作者:bigquant
阅读时间:5分钟
本文由BigQuant宽客学院推出,难度标签:☆☆☆
导语:本文目的是介绍如何使用bigexpr表达式对WorldQuant公开的101个alpha进行因子构建,并进行因子测试。
背景介绍
根据WorldQuant发表的论文《101 Formulaic Alphas 》 ,其中公式化地给出了101个alpha因子。与传统方法不一样的是,他们根据数据挖掘的方法构建了101个alpha,据说里面80%的因子仍然还行之有效并被运用在实盘项目中。
在BigQuant策略研究平台上,可通过表达式快速进行因子构建和数据标注,再也不需要自己手动编写冗长代码。
表达式简介
因为在机器学习和深度学习中,因子是一个很重要的概念,也被称为特征,开发AI算法的关键在于特征选择。如果是简单的基础因子,比如近5日收益率:$close\_5/close\_0-1$,因子构建比较简单,但是如果想构建近5日每日收益率和成交量的相关性这个因子就比较棘手,需要编写大量的代码来计算该因子。因此,我们设计了bigexpr表达式引擎。
bigexpr是BigQuant开发的表达式计算引擎,通过编写简单的表达式,就可以对数据做任何运算,而无需编写代码。
bigexpr在平台上被广泛使用,M.advanced_auto_labeler 和 M.derived_feature_extractor 都已经由bigexpr驱动,您可以用表达式就可以定义标注目标和完成后特征抽取。
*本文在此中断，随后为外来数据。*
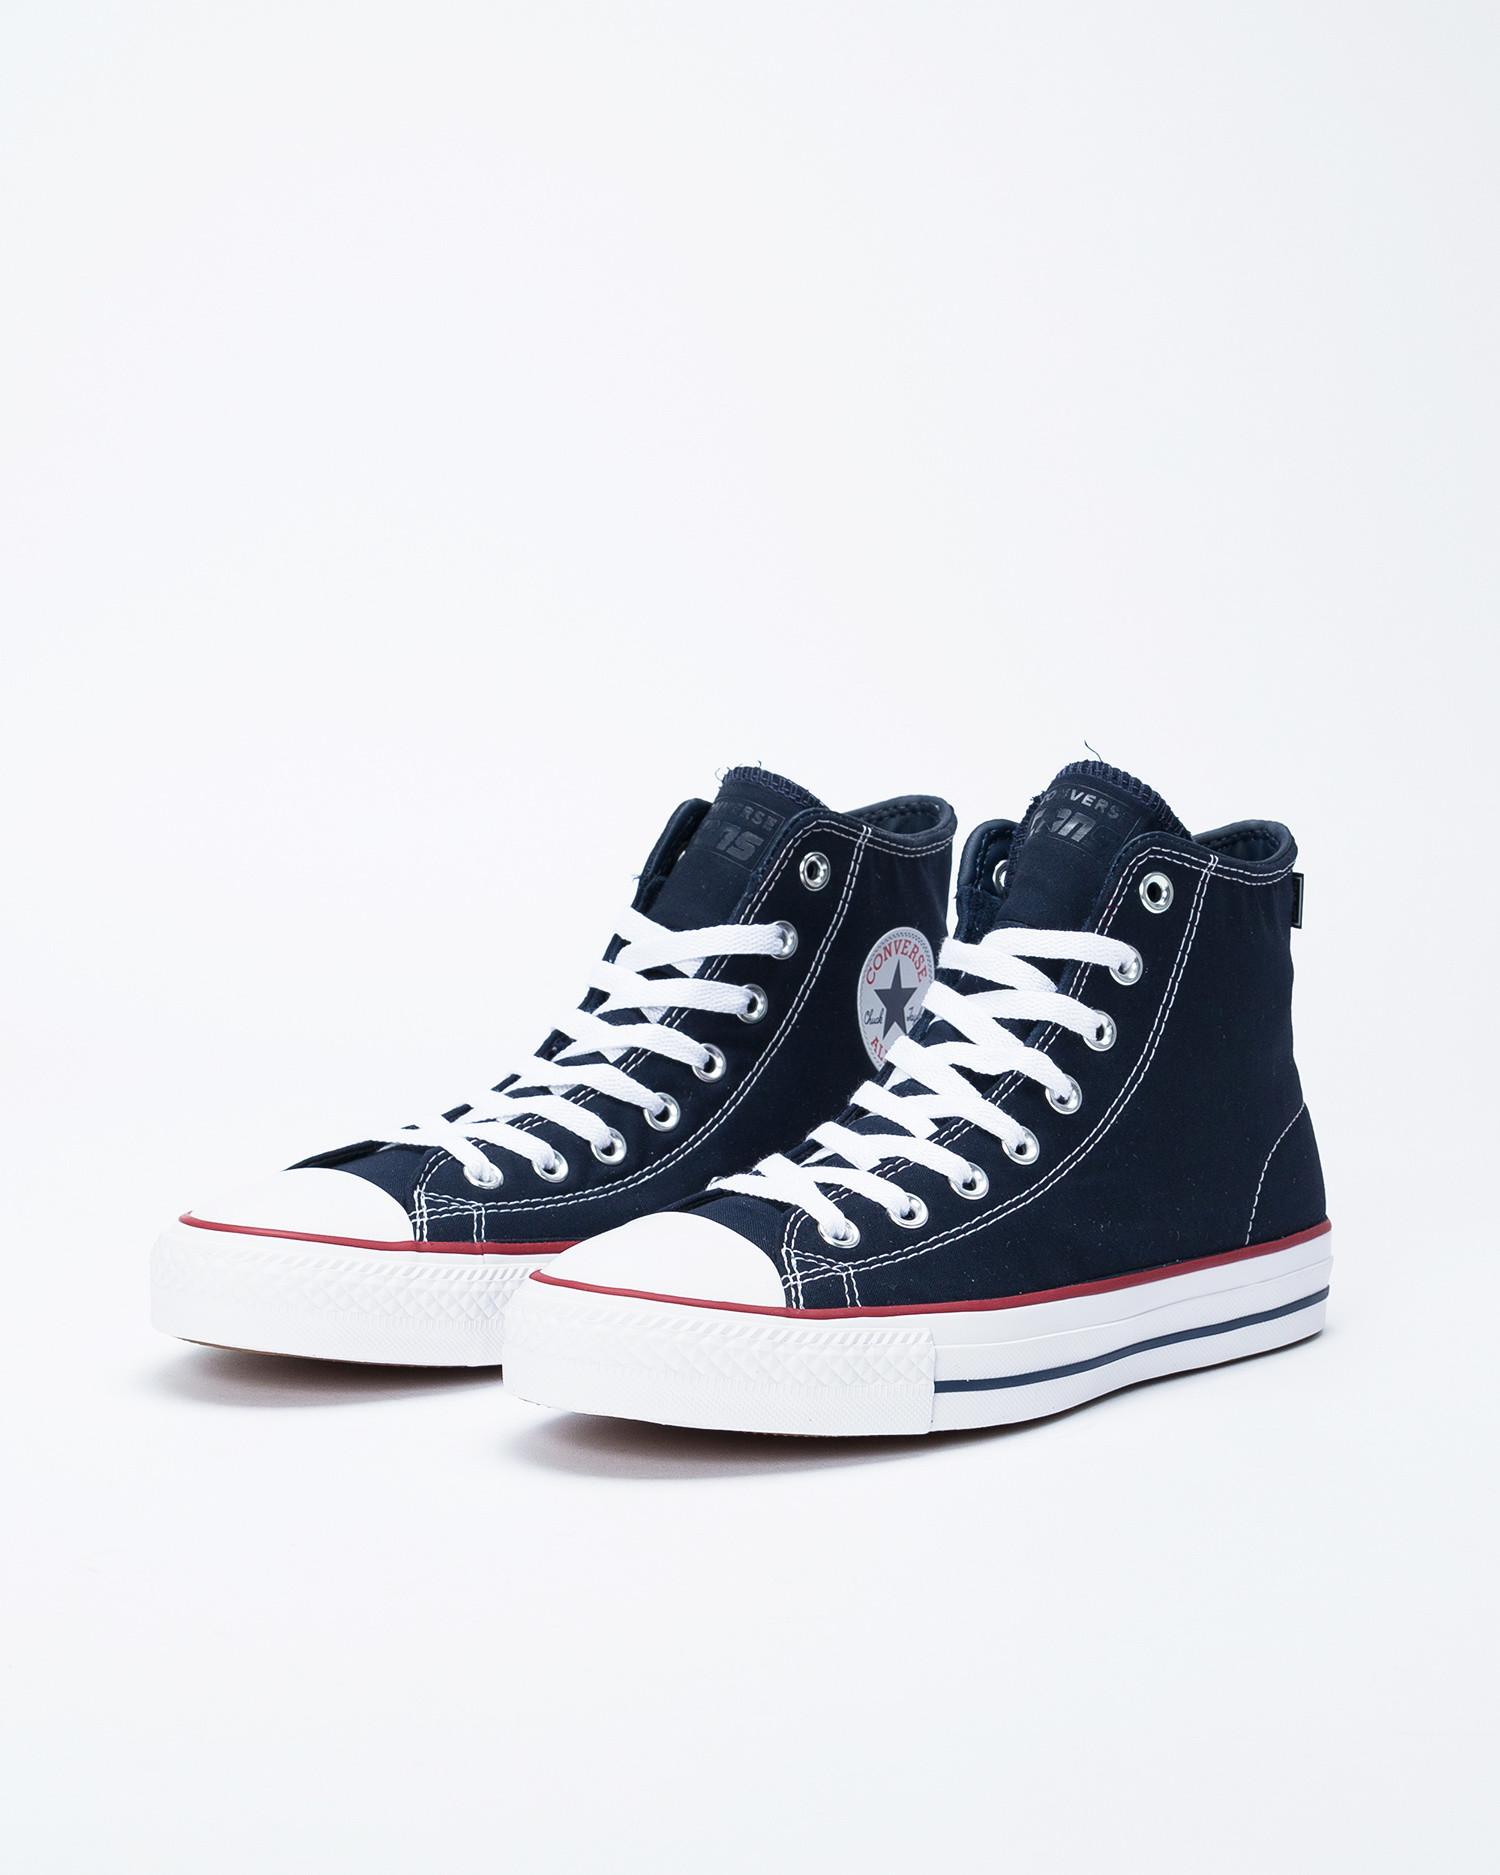 Converse Ctas Hi Pro Obsidian/White/Enamel Red Dark Navy

正如刚刚提到的近5日每日收益率和成交量的相关性因子可以这样定义:
$$correlation(close\_0/shift(close\_0,1)-1,volume\_0,5)$$
其中,$correlation$表示求相关系数,$close\_0$表示当天收盘价,$shift(close\_0,1)$表示前一日收盘价,$volume\_0$表示当天成交量。因此,可以看出,并不需要编写大量代码计算该因子,通过表达式即可快速构建。
函数说明
表达式引擎中有不少简单函数,对其中的部分函数进行解释:
- 可分为横截面函数和时间序列函数两大类,其中时间序列函数名多为以$ts\_$开头
- 大部分函数命名方式较为直观
- $abs(x)$ 、$log(x)$分别表示$x$的绝对值和$x$的自然对数
- $rank(x)$表示某股票$x$值在横截面上的升序排名序号,并将排名归一到[0,1]的闭区间
- $delay(x,d)$表示$x$值在$d$天前的值
- $delta(x,d)$表示$x$值的最新值减去$x$值在$d$天前的值
- $correlation(x,y,d)$、$covariance(x,y,d)$分别表示$x$和$y$在长度为$d$的时间窗口上的皮尔逊相关系数和协方差
- $ts\_min(x,d)$、$ts\_max(x,d)$、$ts\_argmax(x,d)$、$ts\_argmin(x,d)$、$ts\_rank(x)$、$sum(x,d)$、$stddev(x,d)$等均可以通过函数名称了解其作用
因子说明
BigQuant平台上系统因子超过2000个,包括了基本信息因子、量价因子、估值因子、财报因子、技术指标因子等。本文简单举若干因子进行介绍。
基本信息因子
点击查看部分因子
- list_days # 上市天数
- list_board_0 # 上市板
- company_found_date_0 # 公司成立天数
- industry_sw_level1_0 # 申万一级行业类别
- st_status_0 # ST状态
- in_sse50_0 # 是否属于上证50指数成分
- in_csi300_0 # 是否属于沪深300指数成分
量价因子
点击查看部分因子
- open_0 # 当日开盘价
- open_1 # 前一日开盘价
- close_0 # 当日收盘价
- high_0 # 当日最高价
- low_0 # 当日最低价
- volume_0 # 当日成交量
- amount_0 # 当日成交额
- adjust_factor_0 # 复权因子
估值因子
点击查看部分因子
- market_cap_0 # 总市值
- rank_market_cap_0 # 总市值排序
- pe_ttm_0 # 市盈率(TTM)
- rank_pe_ttm_0 # 市盈率(TTM)升序百分比排名
- pe_lyr_0 # 市盈率(LYR)
- pb_lf_0 # 市净率(LF)
- ps_ttm_0 # 市销率(TTM)
财报因子
点击查看部分因子
- fs_net_profit_0 # 归属母公司股东的净利润
- fs_net_profit_yoy_0 # 归属母公司股东的净利润同比增长率
- fs_net_profit_qoq_0 # 归属母公司股东的净利润环比增长率
- fs_roe_0 # 净资产收益率
- fs_roa_0 # 总资产收益率
- fs_gross_profit_margin_0 # 销售毛利率
- fs_net_profit_margin_0 # 销售净利率
- fs_eps_0 # 每股收益
- fs_bps_0 # 每股净资产
- fs_cash_ratio_0 # 现金比率
数据标注
和因子构建一样,数据标注也是机器学习算法中非常重要的一部分,更详细的文档为:自定义标注。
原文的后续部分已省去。